The first expression can be derived by using the definition of the potential of the point charge q at a given point distance r away from the charge:
`V = kq/r`
The charged ring shown on the image can be considered a collection of point, or differential, charges dq. The point P is located on the central axis of the ring, so it is the same distance away from any point on the ring: `sqrt(x^2 + a^2)` . The potential at point P due to the charge dq is then
`dV = k(dq)/sqrt(x^2 + a^2)`
The total potential, by superposition principle, is the sum of the potential due to each differential charge, or the integral:
`V = int dV = int k(dq)/sqrt(x^2 + a^2) = kq_(t)/sqrt(x^2 + y^2)` . `d q_t = int dq ` is the total charge.)
The second part of the question requires to write the expression for the potential difference using the relationship between the potential and electric field:
`DeltaV_(ab) = -int _a ^b vecE*vecds` : the potential difference between the two points equal the negative line integral of the electric field on a line connecting these two points. Since electric field is conservative, this integral is independent of the line chosen.
For the finite charge distribution such as the charged ring on the image, the potential at infinity is zero so one of the points chosen to be at infinity. Then,
`V(x) = -int _oo ^x vecE*dvecs` .
If we choose the line connecting infinity to point P to be along the central axis of the ring, then `vecE*dvecs` is the horizontal component of the electric field.

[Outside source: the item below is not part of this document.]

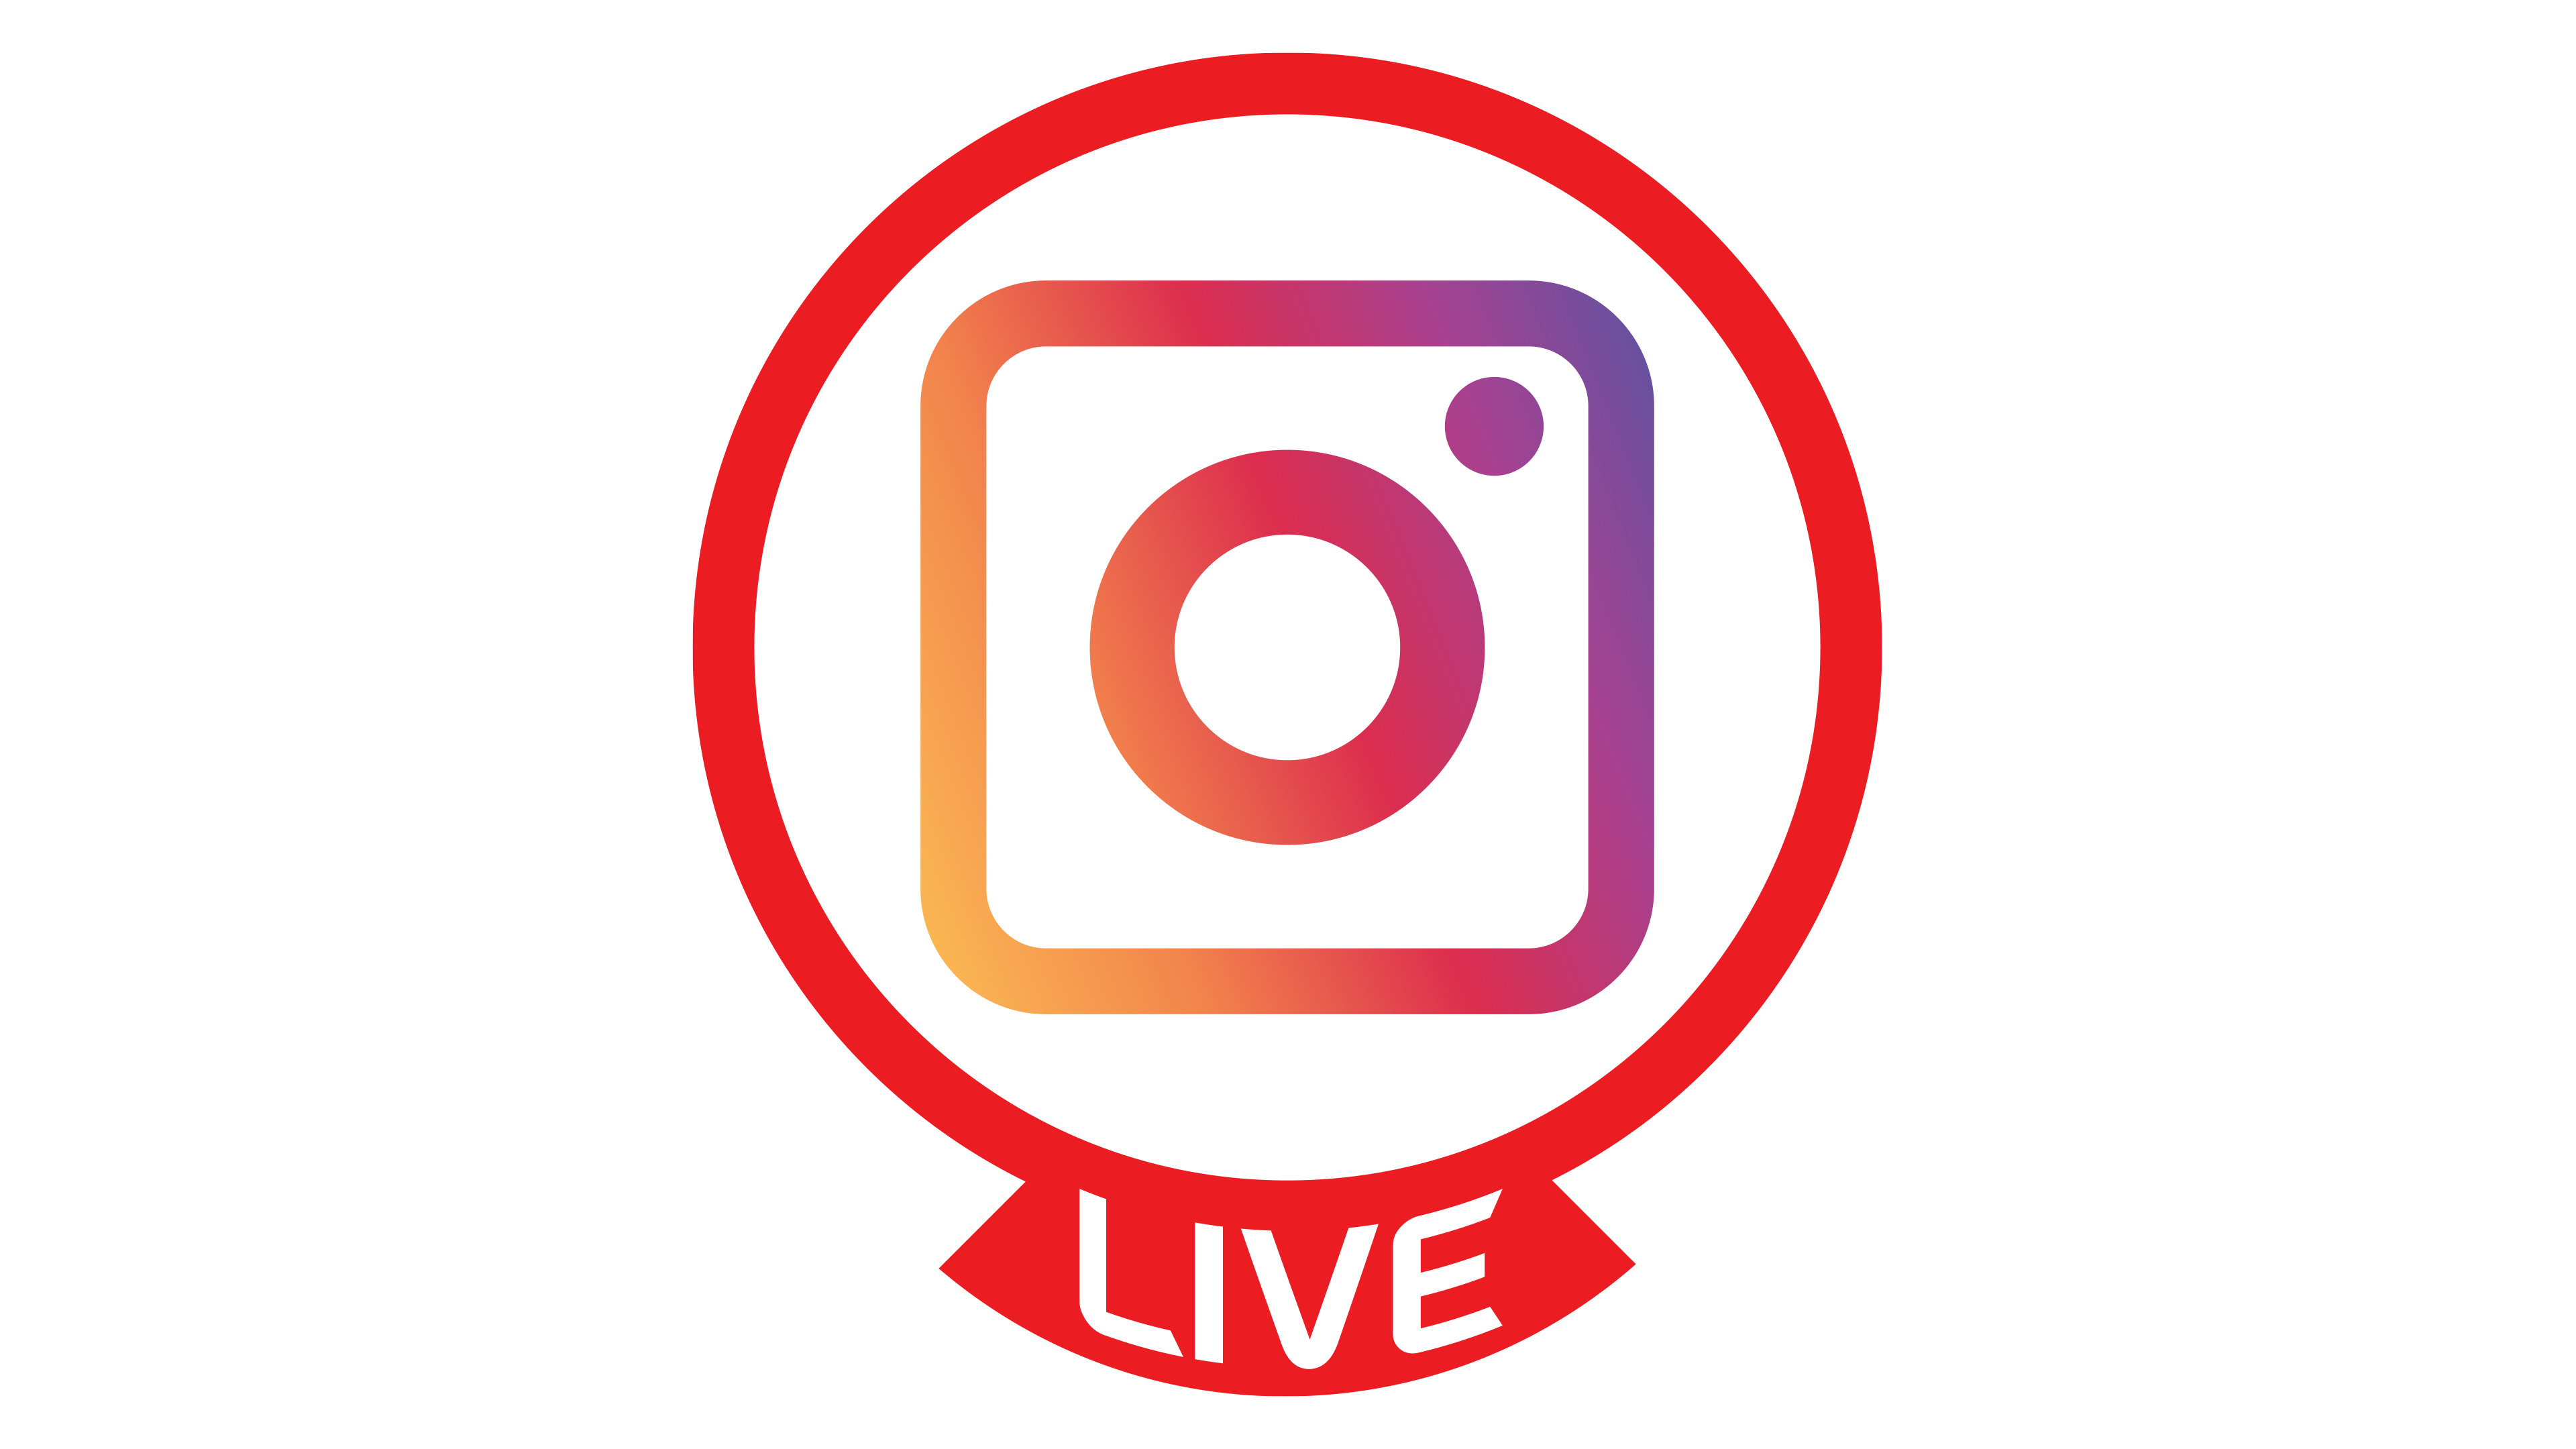 Instagram Live Stream Cliparts, Stock Vector and Royalty Free Instagram Live  Stream Illustrations
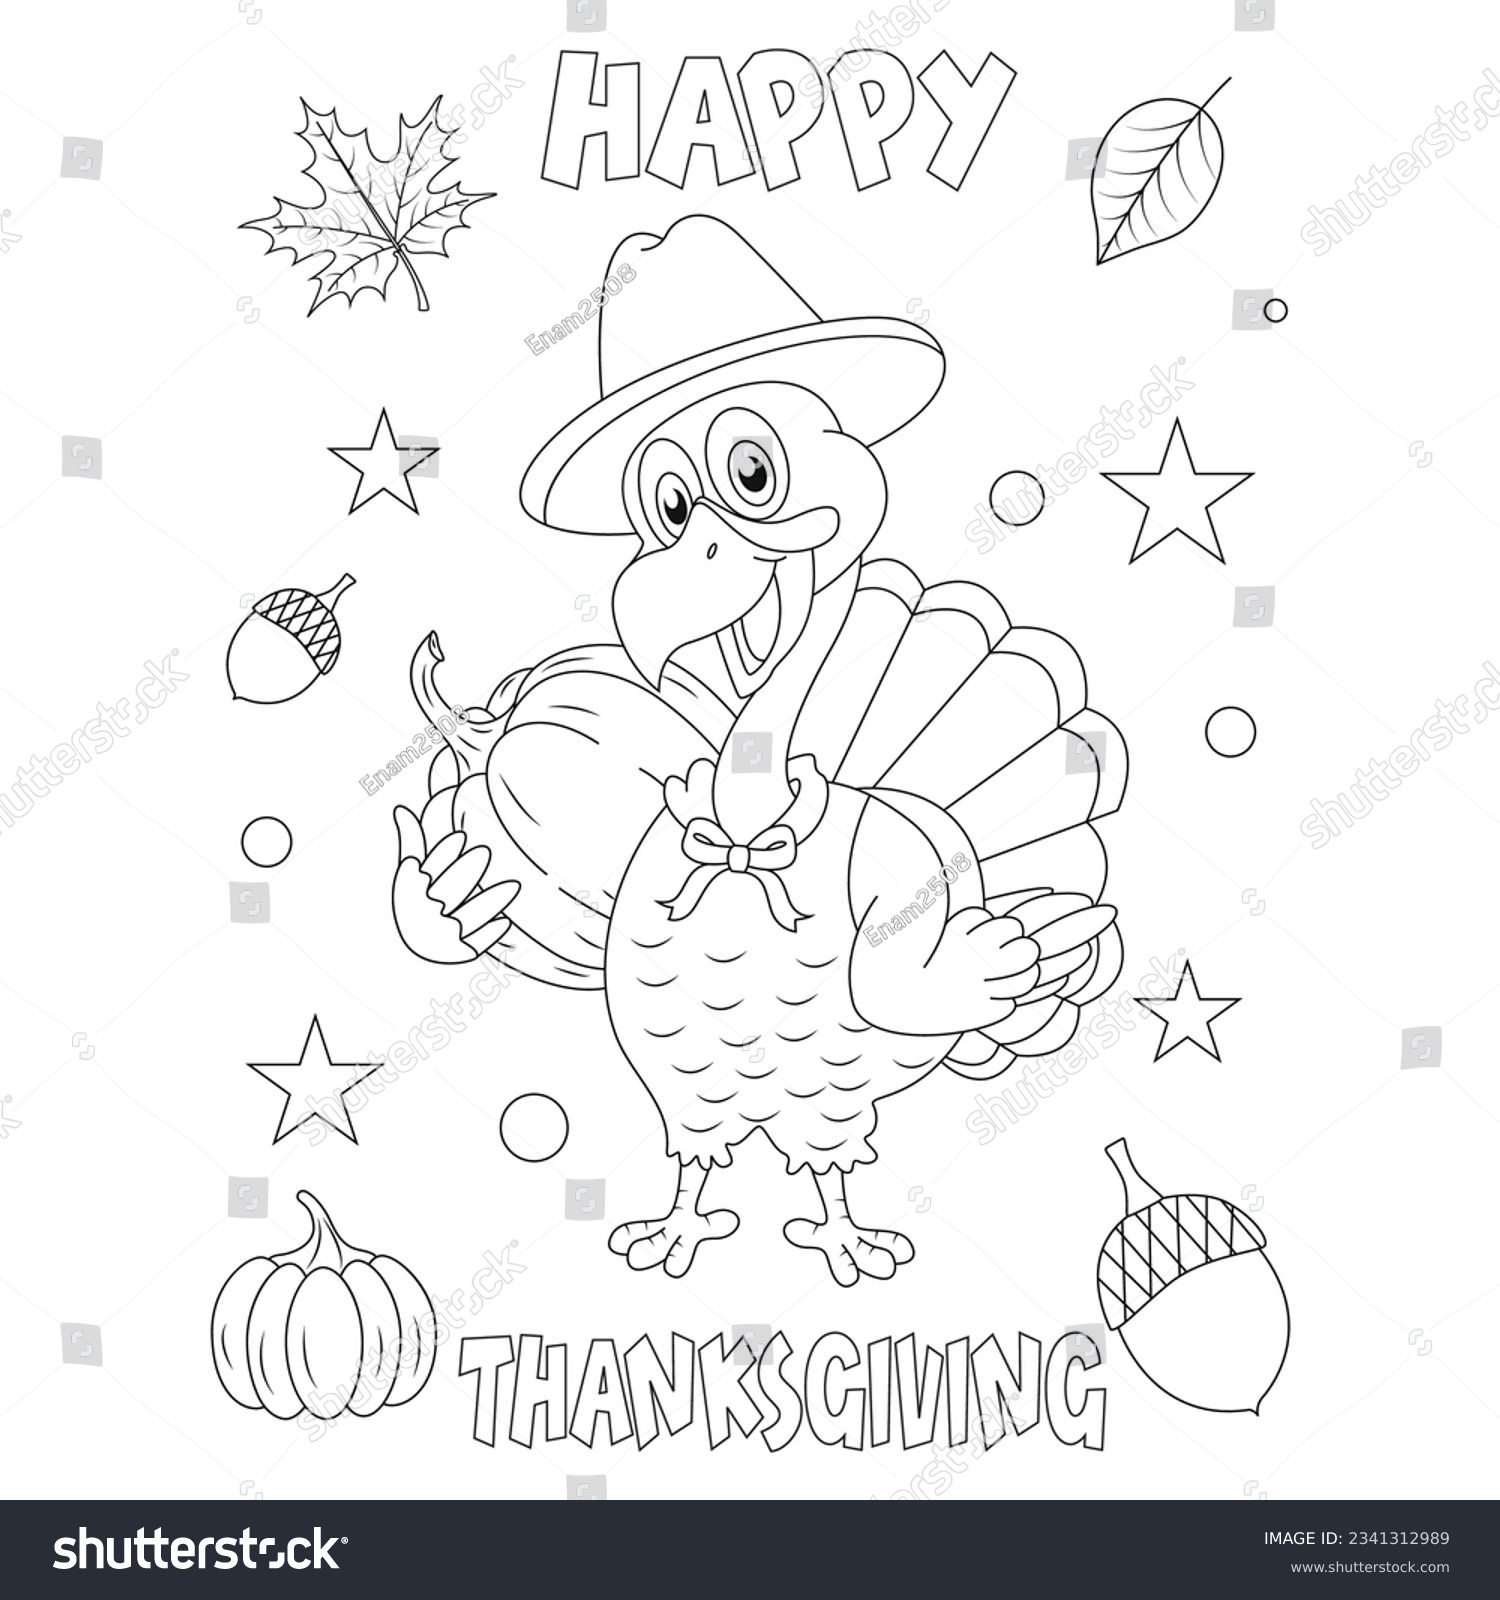 Turkey coloring page images stock photos d objects vectors

The magnitude of the electric field due to differential charge dq at point P is
`dE = k(dq)/(x^2 + r^2)`
The horizontal component of `dvecE` is dE times the cosine of the angle between the `dvecE` and the horizontal, which equals, from the right triangle on the image, `x/sqrt(x^2 + a^2)` . Due to symmetry, all the vertical components of `dvecE` due to the differential charges around the ring will cancel, and only the horizontal components will add up. So,
`E = int dE = int k (dq)/(x^2 + r^2) * x/sqrt(x^2 + r^2) = kq_t x/(x^2+ r^2)^(3/2)`
The potential integral is then
`V(x) = -int_oo ^x kq_t x/(x^2 + r^2)^(3/2) dx`
This integral can be evaluated using the substitution `u = xdx` , and it results in
`V(x) = kq_t/sqrt(x^2 + r^2)` , same as the result found by superposition.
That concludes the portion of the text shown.